Mummy is back at her favourite spot and listening to my favourite music. You listen to it every other night too if I didn’t have a long day at work and Mummy is hoping you will love it as much as I do.

Daddy is still in bed playing with his phone. I usually nag at him to wake up but the realization that he may not have much time to himself once you are here is real so he gets his me-time.

And I kind of like it that it’s just you and me at my favourite spot with soft music in the background.

The pillow on my stomach is moving thanks to your gentle kicks. You should be more than 24 weeks today; I will know the exact details when I visit Dr Kee tomorrow. It has been more than 3 weeks since we saw you and Mummy is hoping you will give me a nice view of your face. You seem to have grown quite a bit if I go by my belly. It feels like a dream to know I went from nothing to you.

Mummy never quite appreciated the fact that I’m a woman. I used to think how troublesome it was when I was much younger. The periods, the label of being the weaker sex, the need to look oneself, the roles of being a wife etc.

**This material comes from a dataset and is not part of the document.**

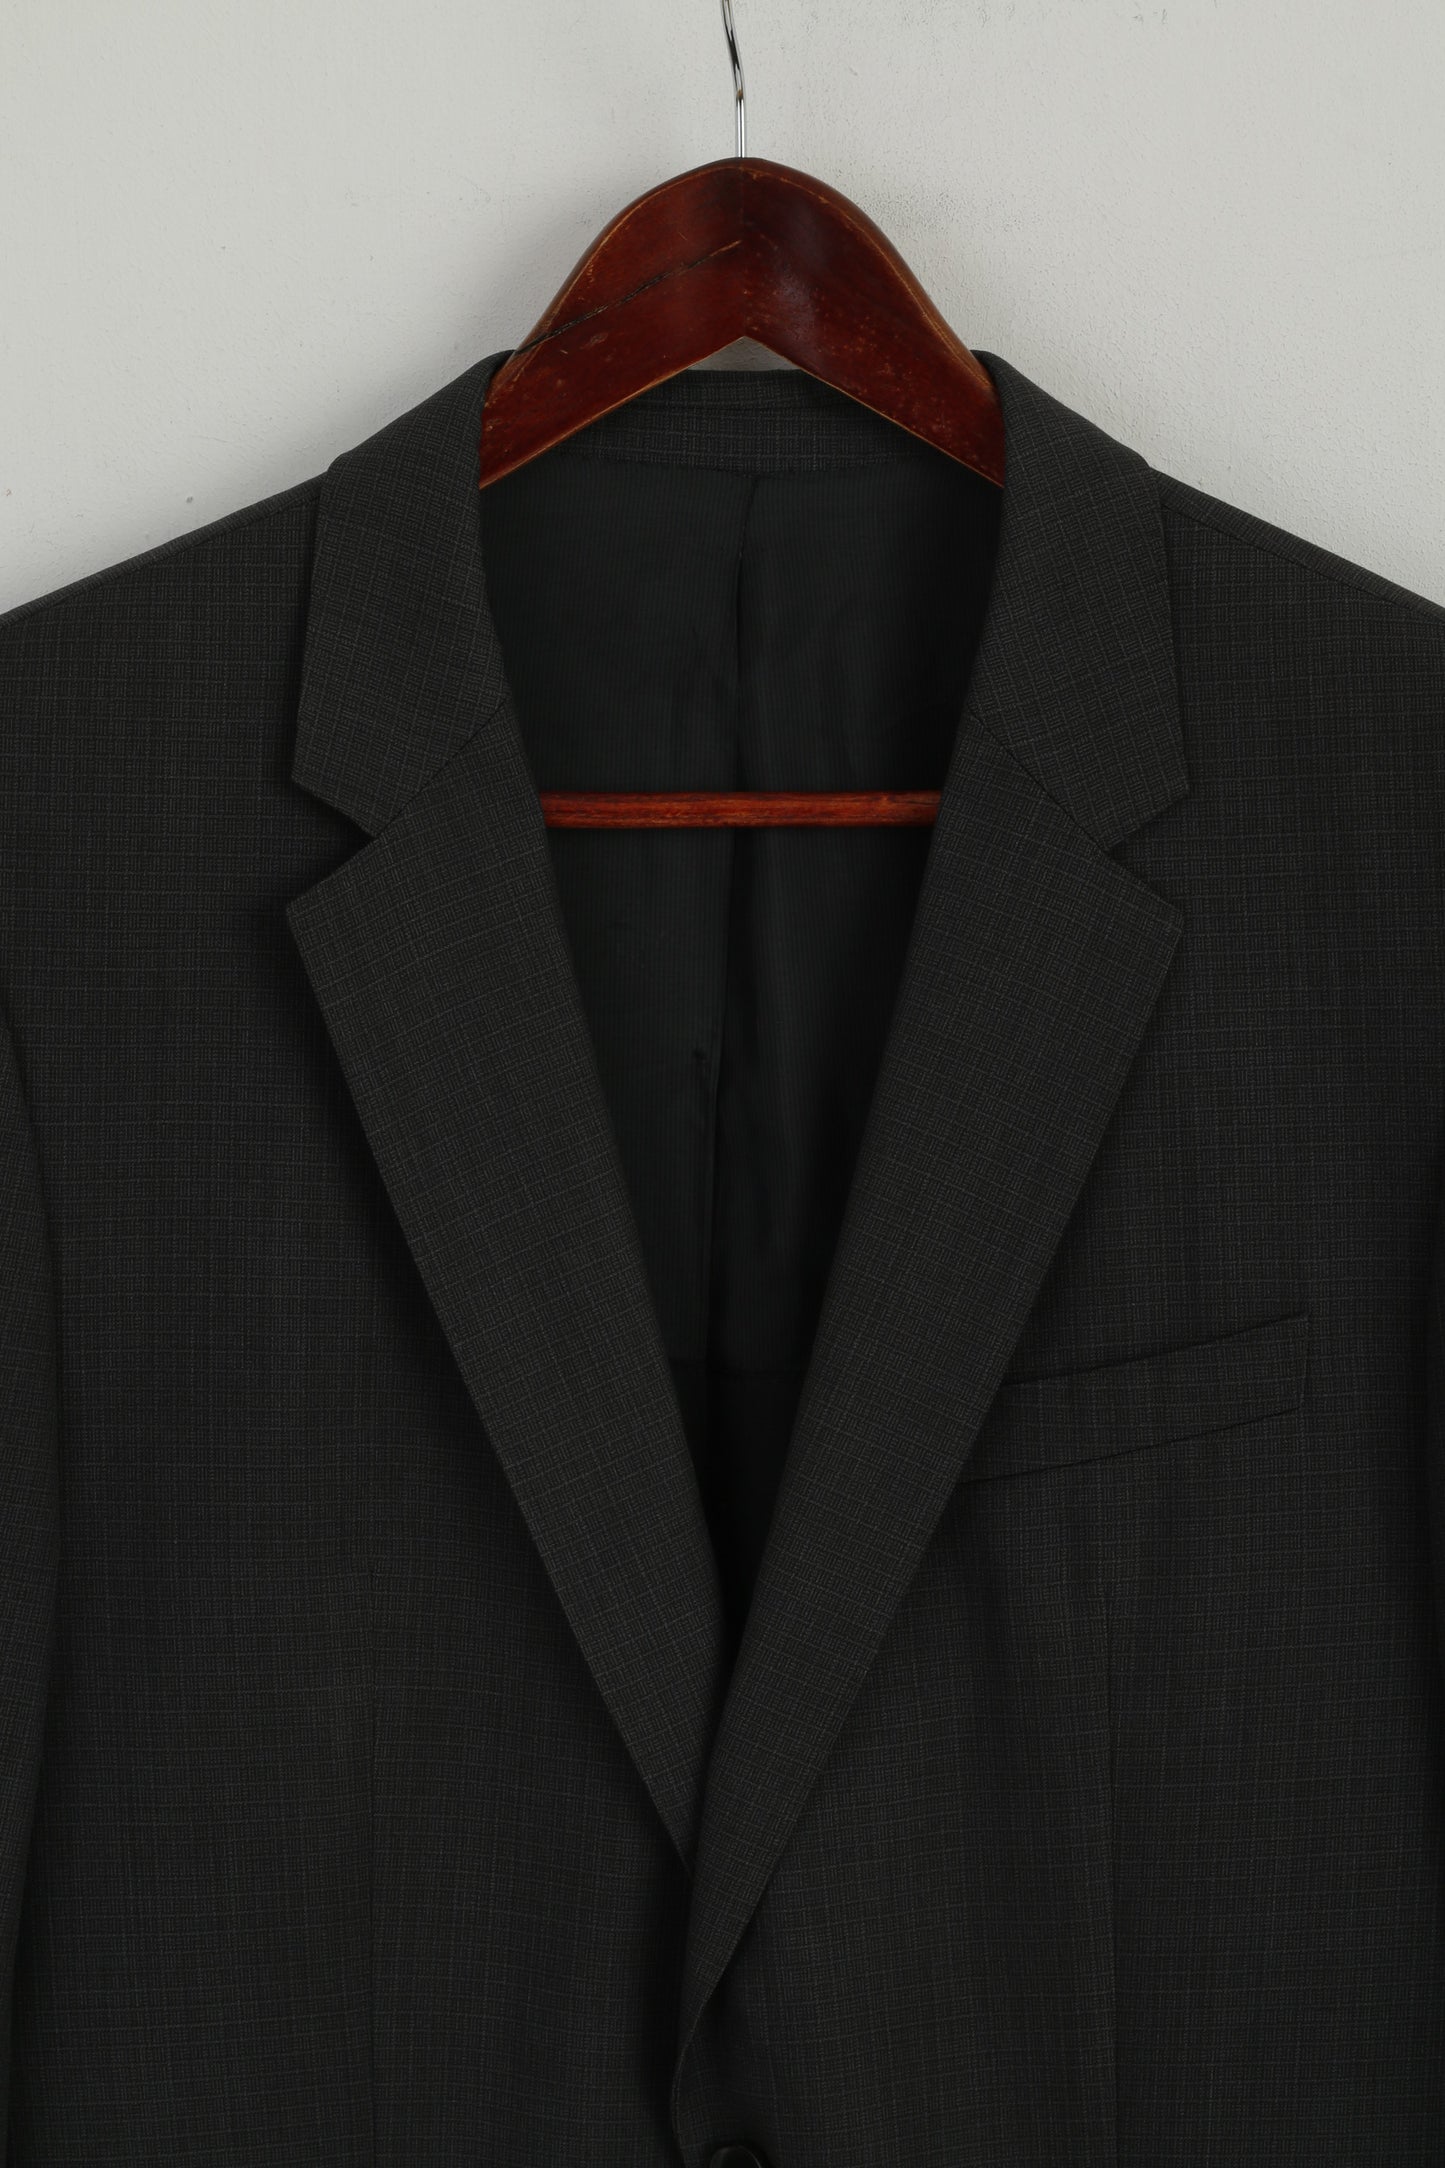 Hugo Boss Men 50 40 Blazer Grey Wool Single Breasted  Super 100 Jacket

I always felt man had it better. And I still do.

But today, I see a different light, thanks to you baby boy. If I am not a woman, I will not feel your moves and kicks. I will not be able caress my bulging belly and tell you how much I love you. I will not get to enjoy this unprecedented privilege of pregnancy and eventually motherhood. And I’ll not hear you call me mummy!

So today I sing a different song. Today I’m honored to be a woman. All the thoughts I previously had fails to measure up to the journey I am on and the journey that is ahead.

I can feel the excitement in my heart and ever so often, I catch myself smiling whenever I think of you in my arms. At yesterday’s prenatal class, they taught on breastfeeding and we had a doll baby to play with. How I wished it was you instead. “Soon soon” I told myself.

Mummy still needs these four more months to prepare so let’s not hurry all right darling.

Loving you more every single day, my baby boy.